2017年10月5日

『江戸の長者番付』菅野俊輔・著 vol.4824

【江戸時代の大金持ちとは?】
http://www.amazon.co.jp/exec/obidos/ASIN/4413045092

本日ご紹介する一冊は、江戸文化研究家であり、数多くの江戸関連の著書を持つ菅野俊輔さんによる、注目の新書。

『江戸の長者番付』というタイトルを見た瞬間に「買い」ですが、歴史ものの場合、難しいのは、中身がきちんと「歴史マニア」以外に向けて書かれているかどうか。

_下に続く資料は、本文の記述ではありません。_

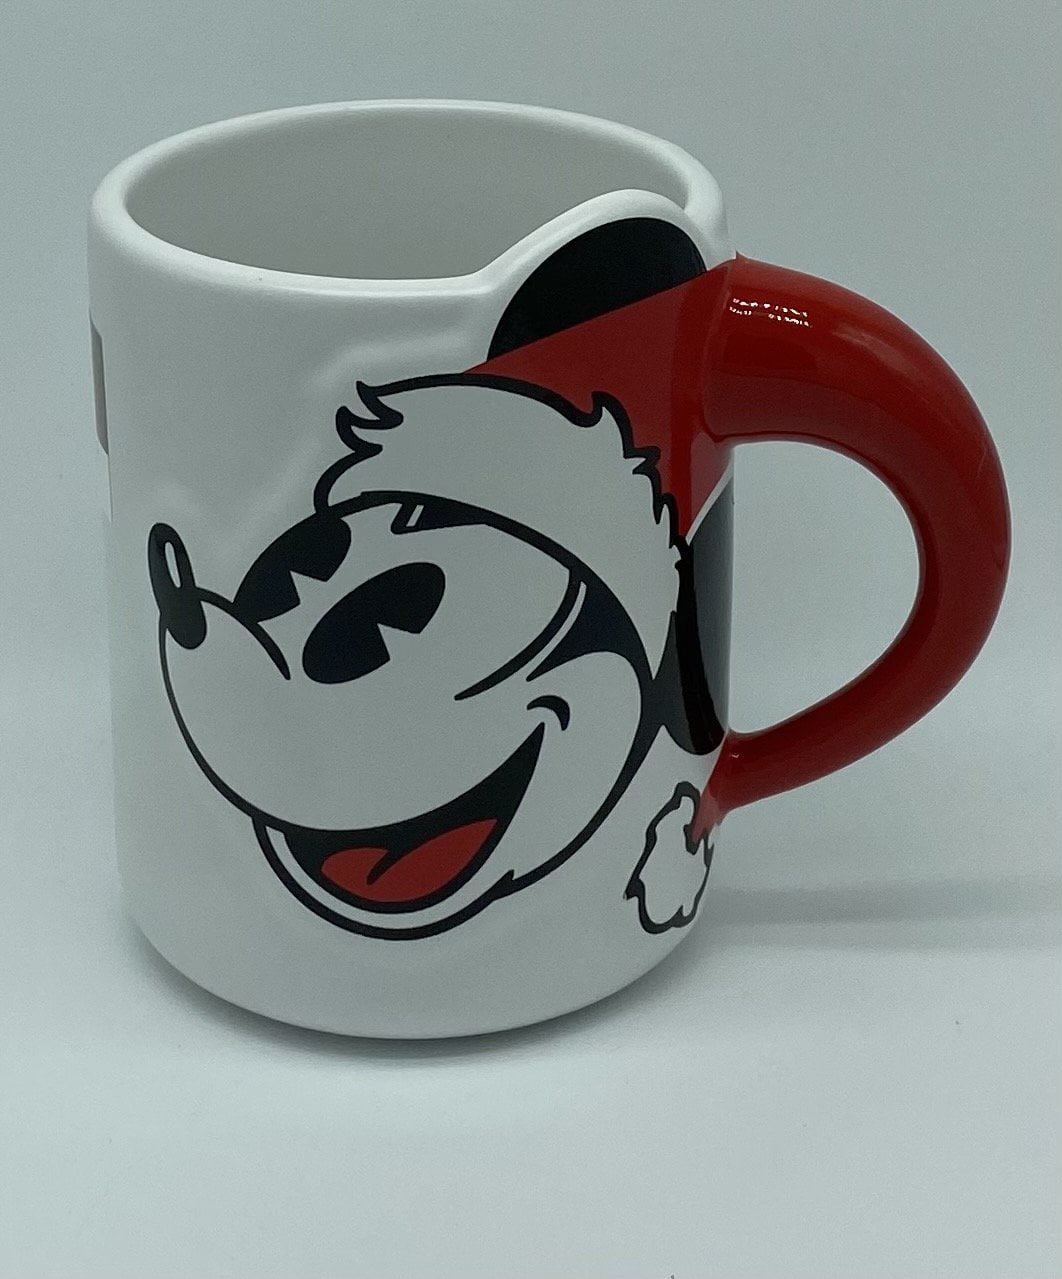 Disney Mickey Mouse & Friends Do Good Bring Friends Mug, 15 oz. – Navita's  Hallmark

その点、本書は文章も読みやすく、当時の江戸を現代人の感覚に引きつけて理解できるように書いてあるので、合格です。

で、肝心の中身ですが、これも下世話に面白い。

「江戸の長者番付ベスト10」(トップは徳川吉宗)に始まり、当時の社会で誰が金持ちになったのか、どんな商売が流行ったのか、いわゆる「千両役者」や「花魁」はどんな人で、なぜ人気が出たのか、詳しく書かれています。

生活の「常識」が違う社会に触れると、新しい生き方のヒントが見えてくるものですが、本書は、新しい生き方のヒントとともに、新しい稼ぎ方のヒントも見えてくる内容です。

さっそく、いくつかポイントを見て行きましょう。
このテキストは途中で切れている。